**Given information:**
^^^^

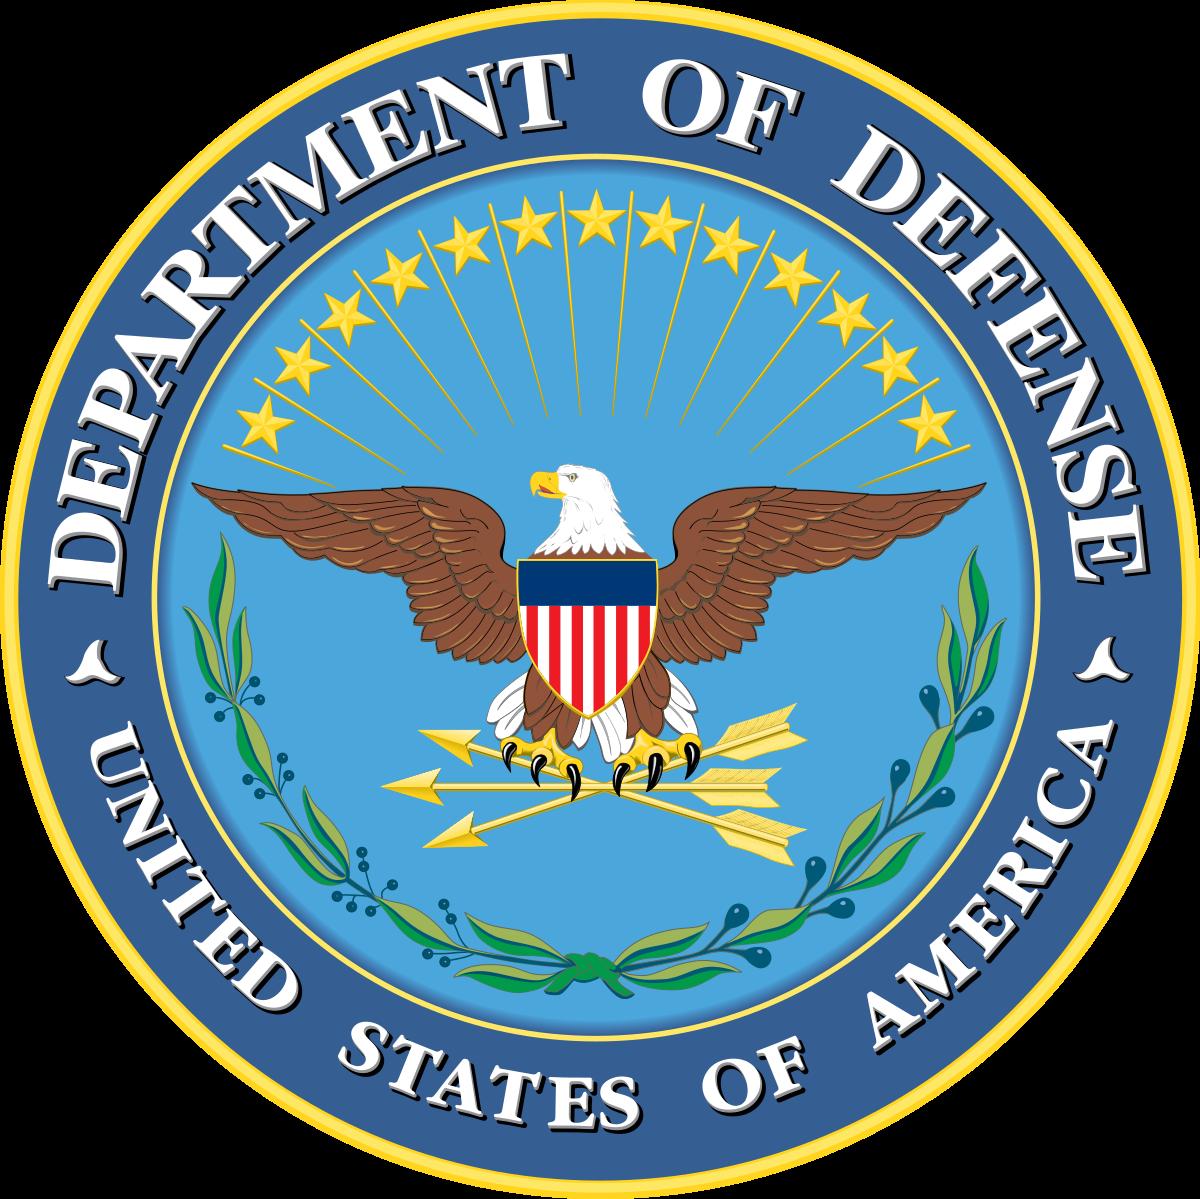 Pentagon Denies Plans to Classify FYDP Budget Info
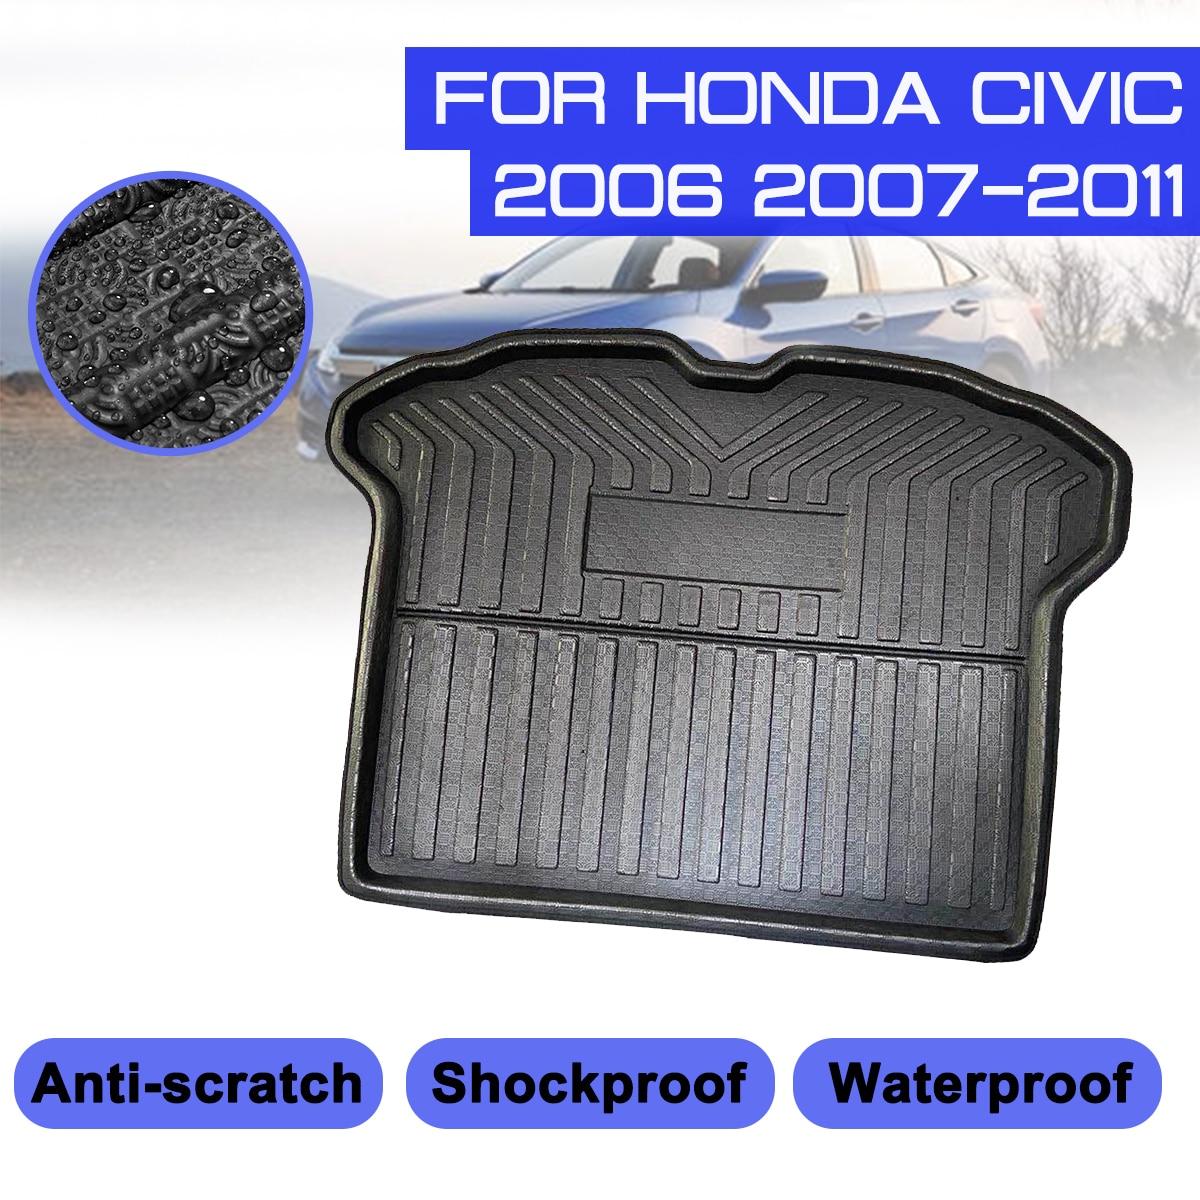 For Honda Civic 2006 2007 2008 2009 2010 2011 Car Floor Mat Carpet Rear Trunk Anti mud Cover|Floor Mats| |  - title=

^^^^

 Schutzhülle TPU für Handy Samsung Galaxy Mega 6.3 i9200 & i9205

^^^^

**Work instruction:** Go back to the lines above and output, exactly as they stand, the ones from the line containing "Pentagon Denies Plans" to the line containing "For Honda Civic". Leave all pictures behind.

**Solution to the problem:**
 Pentagon Denies Plans to Classify FYDP Budget Info
 For Honda Civic 2006 2007 2008 2009 2010 2011 Car Floor Mat Carpet Rear Trunk Anti mud Cover|Floor Mats| |  - title=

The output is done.